Penasaran, saya pun keluyuran keluar kota Dili, sampai ke Ainaro dan Liquica, sekitar 60 km dari Dili. Kesannya sama: lebih banyak orang-orang pro-integrasi. Di banyak tempat, banyak para pemuda-pemudi Timtim mengenakan kaos bertuliskan Mahidi [Mati-Hidup Demi Integrasi], Gadapaksi [Garda Muda Penegak Integrasi], BMP [Besi Merah Putih], Aitarak [Duri].

Setelah seharian berkeliling, saya berkesimpulan Timor Timur akan tetap bersama Indonesia. Bukan hanya dalam potensi suara, tapi dalam hal budaya, ekonomi, sosial, tidak mudah membayangkan Timor Timur bisa benar-benar terpisah dari Indonesia. Semua orang Timtim kebanyakan berkomunikasi dalam bahasa Indonesia. Para penyedia barang-barang kebutuhan di pasar-pasar adalah orang Indonesia. Banyak pemuda-pemudi Timtim yang belajar di sekolah dan universitas Indonesia, hampir semuanya dibiayai pemerintah Indonesia. Guru-guru di sekolah-sekolah Timtim pun kebanyakan orang Indonesia, demikian juga para petugas kesehatan, dokter, mantri.

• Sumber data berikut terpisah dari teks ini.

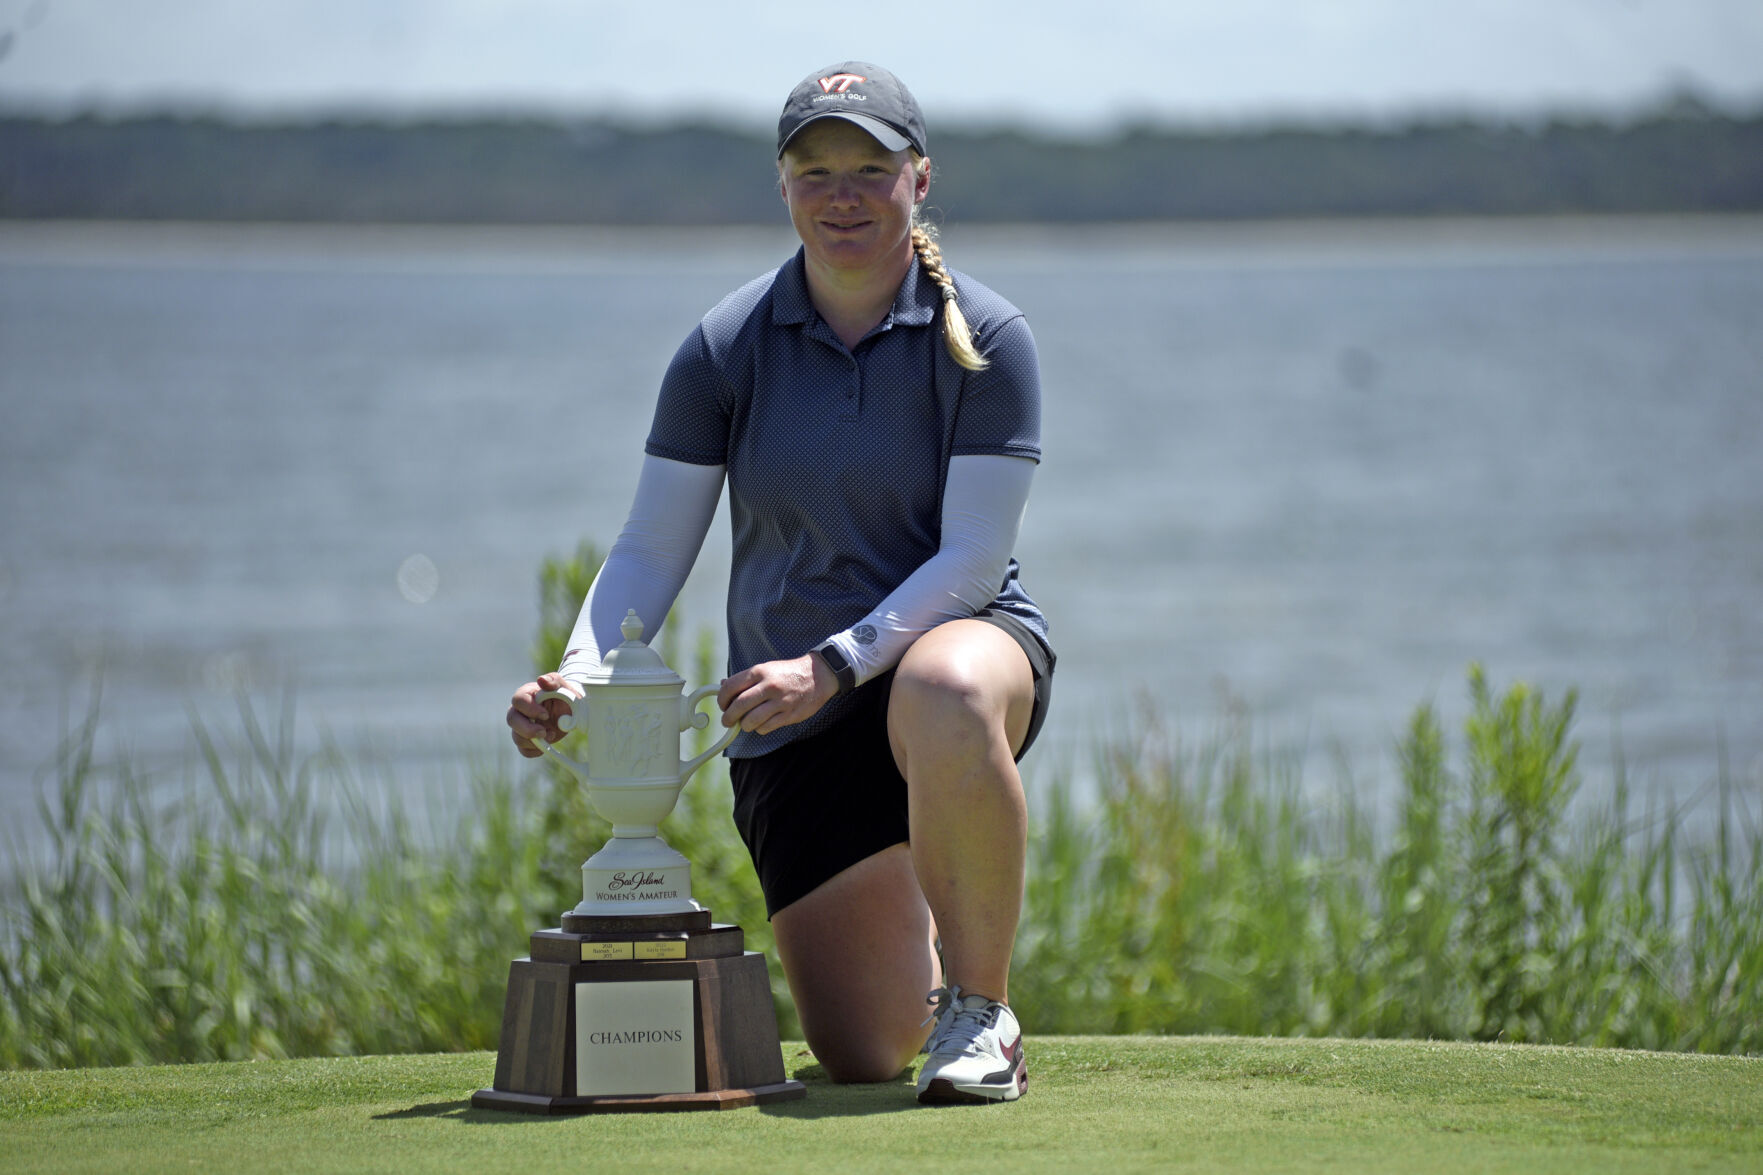 DOWN BUT NOT OUT Virginia Techs Morgan Ketchum comes from eight shots back to win Sea Island Womens Amateur Local Sports thebrunswicknews pic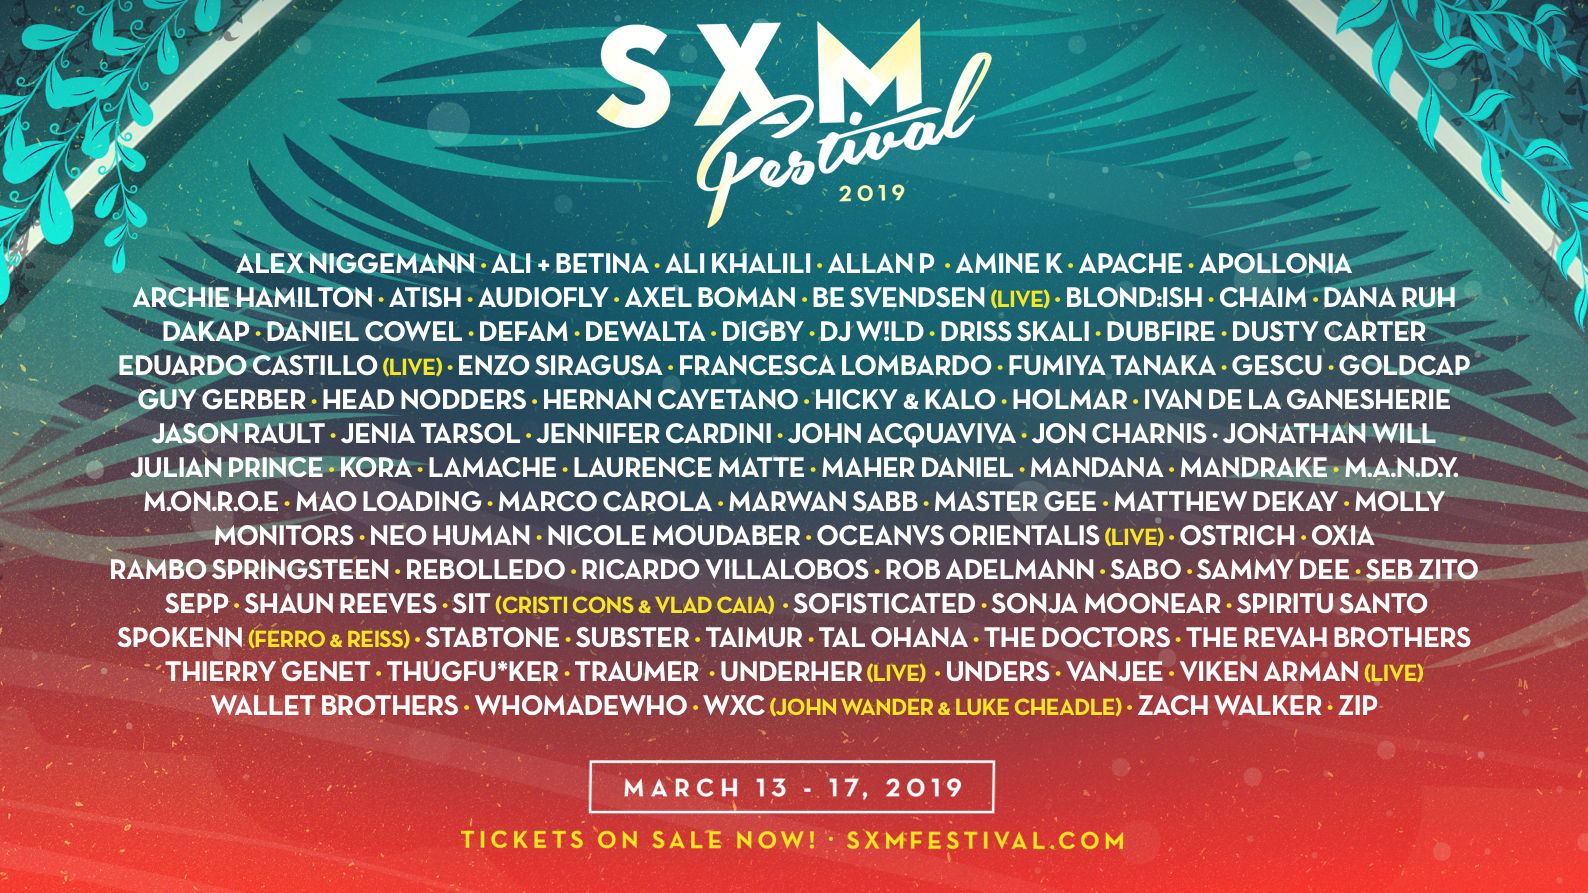 SXM Festival Reveals Showcase Partners, Complete Lineup, and Venues for the March 13-17 Event on the Caribbean Island of Saint Martin/Sint Maarten

Selepas magrib, 28 Agustus 1999, setelah mandi dan makan, saya duduk di lobi penginapan, minum kopi dan merokok. Tak lama kemudian, seorang lelaki berusia 50an, tapi masih terlihat gagah, berambut gondrong, berbadan atletis, berjalan ke arah tempat duduk saya; duduk dekat saya dan mengeluarkan rokok. Rupanya ia pun hendak menikmati rokok dan kopi.

Mungkin karena dipersatukan oleh kedua barang beracun itu, kami cepat akrab. Dia menyapa duluan: “Dari mana?” sapanya.

“Dari Jakarta,” jawabku, sekalian menjelaskan bahwa saya wartawan, hendak meliput jajak pendapat.

Entah kenapa, masing-masing kami cepat larut dalam obrolan. Dia tak ragu mengungkapkan dirinya. Dia adalah mantan panglima pasukan pro-integrasi, yang tak pernah surut semangatnya memerangi Fretilin [organisasi pro-kemerdekaan], “karena bersama Portugis, mereka membantai keluarga saya,” katanya. Suaranya dalam, dengan tekanan emosi yg terkendali. Terkesan kuat dia lelaki matang yang telah banyak makan asam garam kehidupan. Tebaran uban di rambut gondrongnya menguatkan kesan kematangan itu.

“Panggil saja saya Laffae,” katanya.

“Itu nama Timor atau Portugis?” Saya penasaran.

“Timor. Itu julukan dari kawan maupun lawan. Artinya ‘buaya’,” jelasnya lagi.

Julukan itu muncul karena sebagai komandan milisi, dia dan pasukannya sering tak terdeteksi lawan. Setelah lawan merasa aman, tiba-tiba dia bisa muncul di tengah pasukan lawannya dan melahap semua yang ada di situ. Nah, menurut anak buah maupun musuhnya, keahlian seperti itu dimiliki buaya.

Dia pun bercerita bahwa dia lebih banyak hidup di hutan, tapi telah mendidik, melatih banyak orang dalam berpolitik dan berorganisasi. “Banyak binaan saya yang sudah jadi pejabat,” katanya. Dia pun menyebut sejumlah nama tokoh dan pejabat militer Indonesia yang sering berhubungan dengannya.

Rupanya dia seorang tokoh. Memang, dilihat dari tongkrongannya, tampak sekali dia seorang petempur senior. Saya teringat tokoh pejuang Kuba, Che Guevara. Hanya saja ukuran badannya lebih kecil.

“Kalau dengan Eurico Guterres? Sering berhubungan?” saya penasaran.

“Dia keponakan saya,” jawab Laffae. “Kalau ketemu, salam saja dari saya.”